__Recorded data__
────────

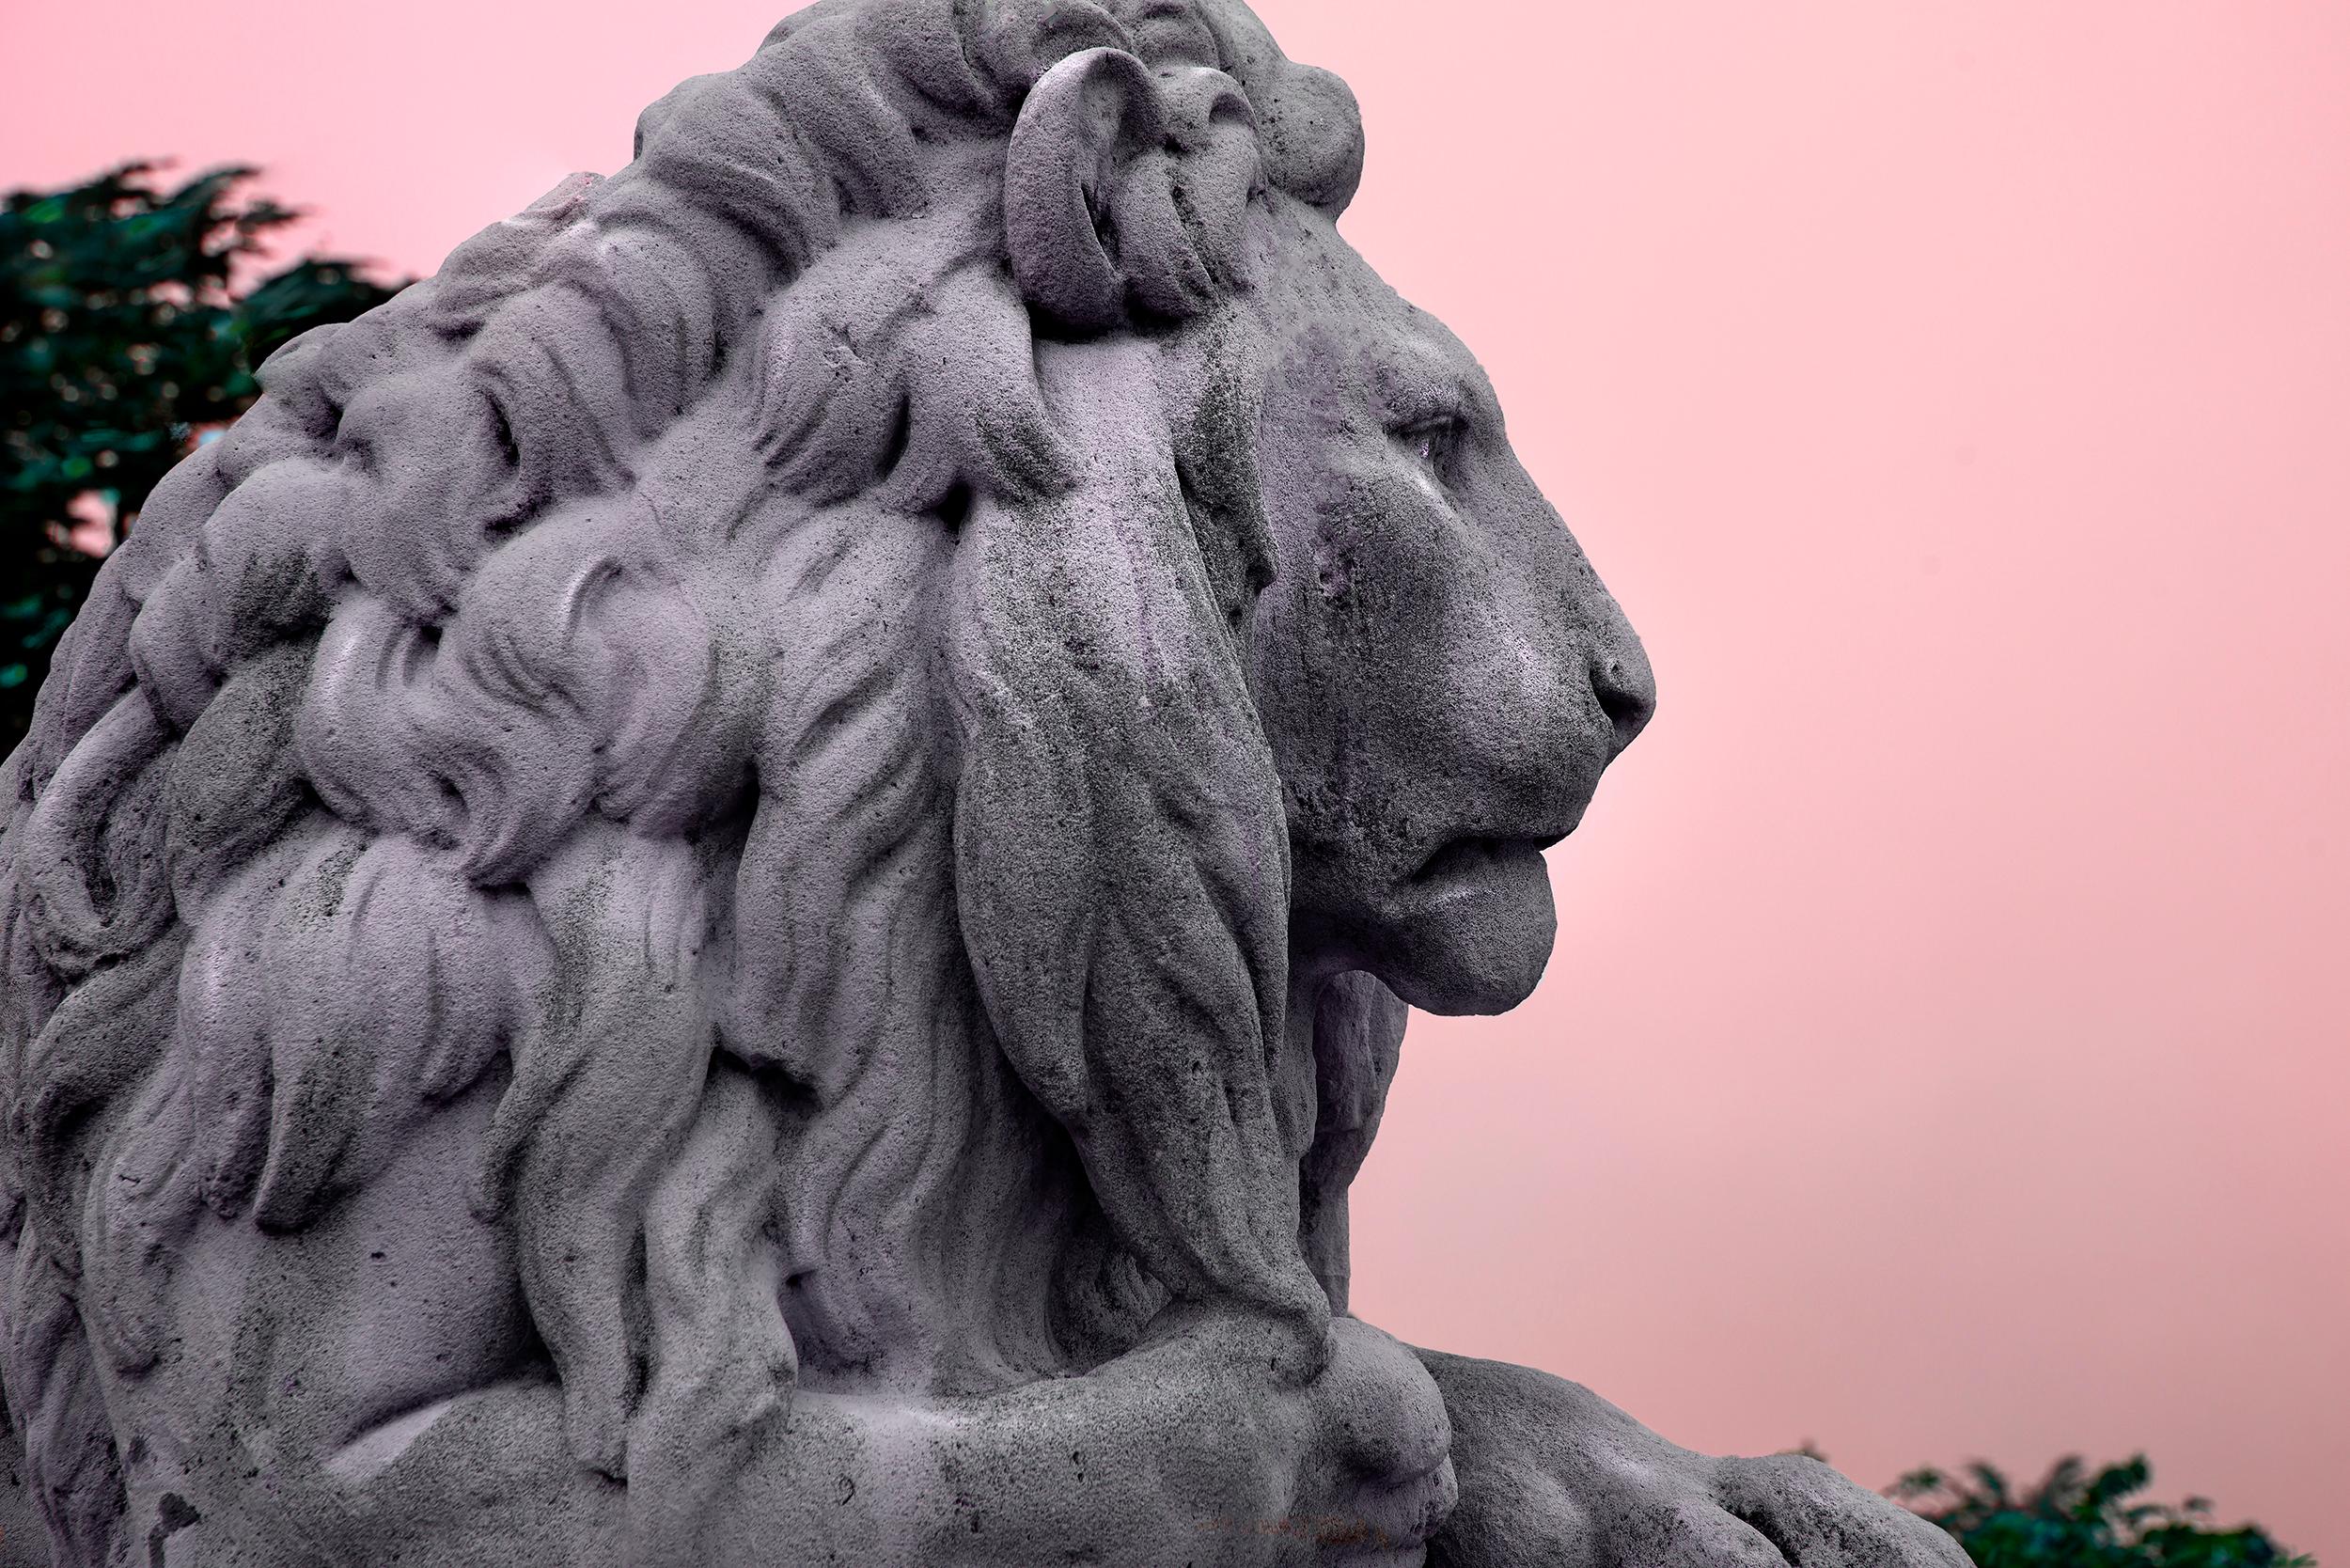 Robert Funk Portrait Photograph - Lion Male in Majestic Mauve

────────

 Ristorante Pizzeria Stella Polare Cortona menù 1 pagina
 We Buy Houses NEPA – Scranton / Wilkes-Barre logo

────────

__Task objective__
Among the entries above, find the line with "Ristorante Pizzeria Stella" and the line with "We Buy Houses"; give again exactly these two lines and all lines between them.

__Your response__
 Ristorante Pizzeria Stella Polare Cortona menù 1 pagina
 We Buy Houses NEPA – Scranton / Wilkes-Barre logo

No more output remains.